I am wondering how Snowplow EmrEtlRunner differentiate between raw data that has been processed and those that are new? For example, I have data from 13 Sep - 15 Sep and I am running the EmrEtl job daily. When I run in on 15 Sep, How does it know now to process data from 13 Sep (since I already ran it on 14th Sep)?

@aditya, the processed files are being archived (moved away). You can examine the dataflow diagram to have a better understanding of how it works: https://github.com/snowplow/snowplow/wiki/Batch-pipeline-steps.
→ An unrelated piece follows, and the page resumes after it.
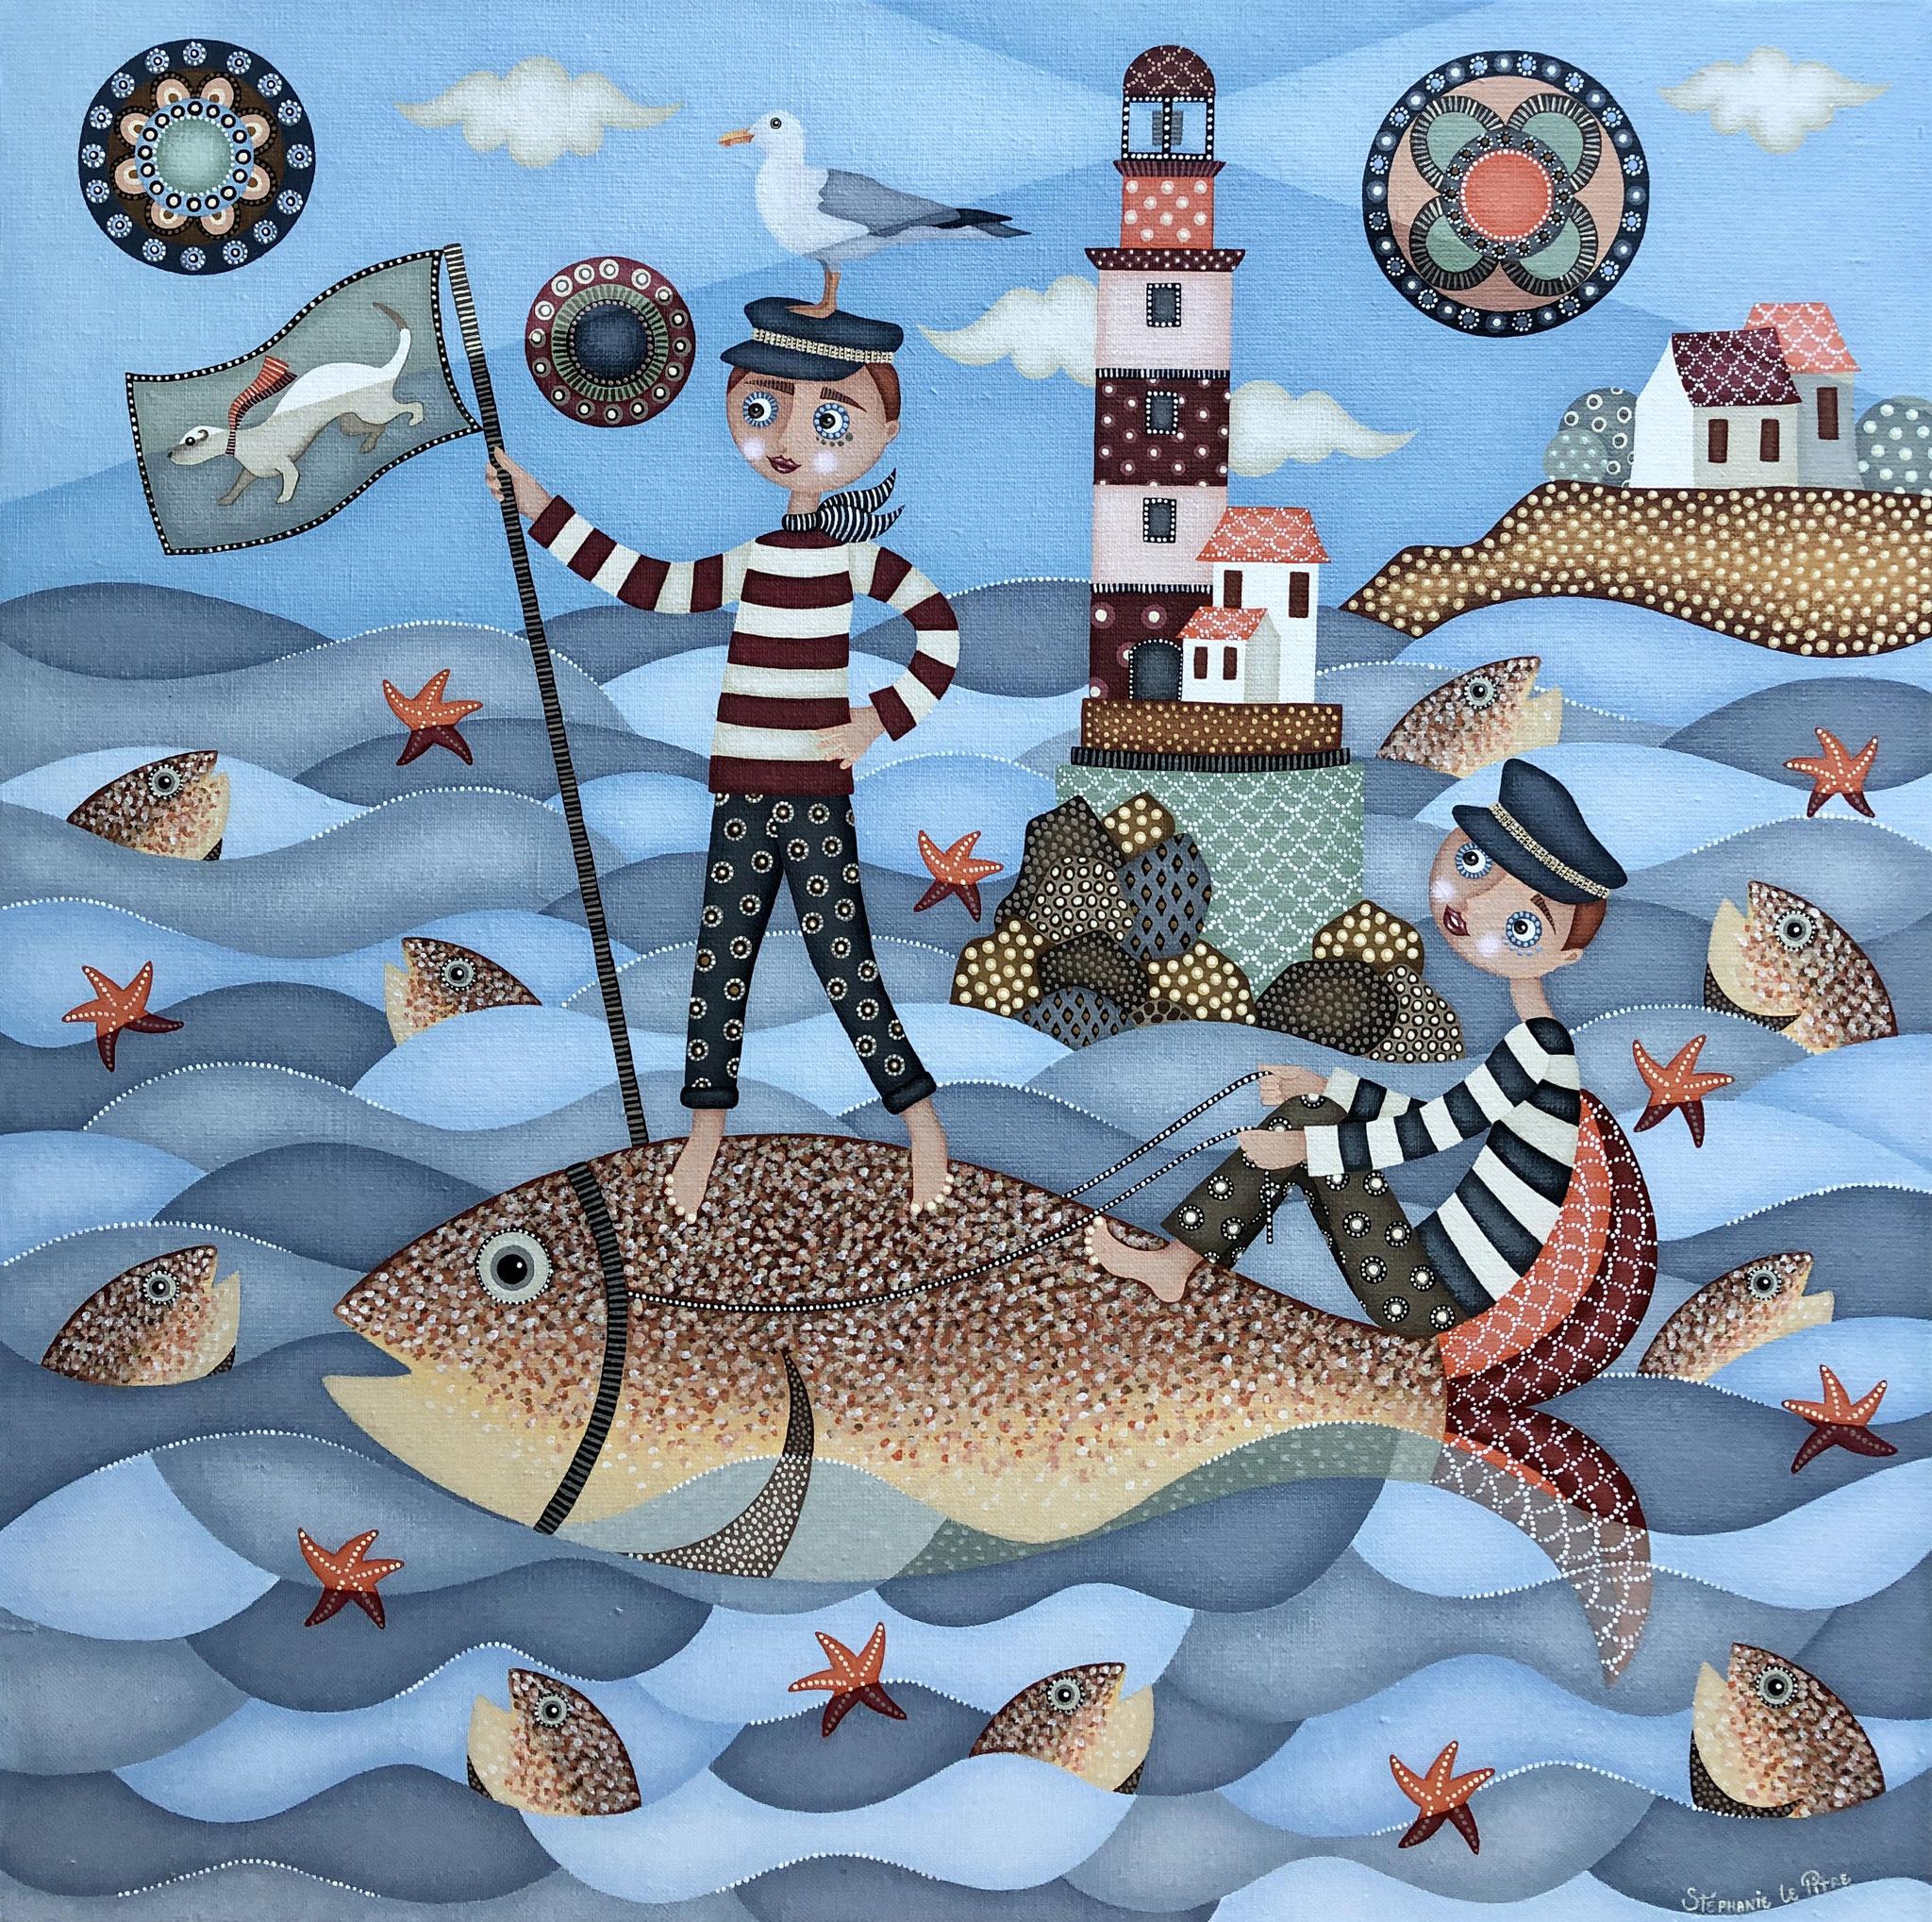 La Pêche au Gros (60 x 60)

The confusion could arise if you do not configure your buckets correctly which might result archiving the raw data into the very same processing bucket: https://github.com/snowplow/snowplow/wiki/Common-configuration#s3.

So everytime the EMR ETL process runs, it will check in the archived folder ? But what exactly does it check?

So if I look into my 3 archive folders (raw, enriched, shredded), there are gonna be folders with common pattern to be found which are run=YYYY-MM-DD-HH-MM-SS folders. Those timestamp will follow the timestamp of when I run my EMR-ETL process.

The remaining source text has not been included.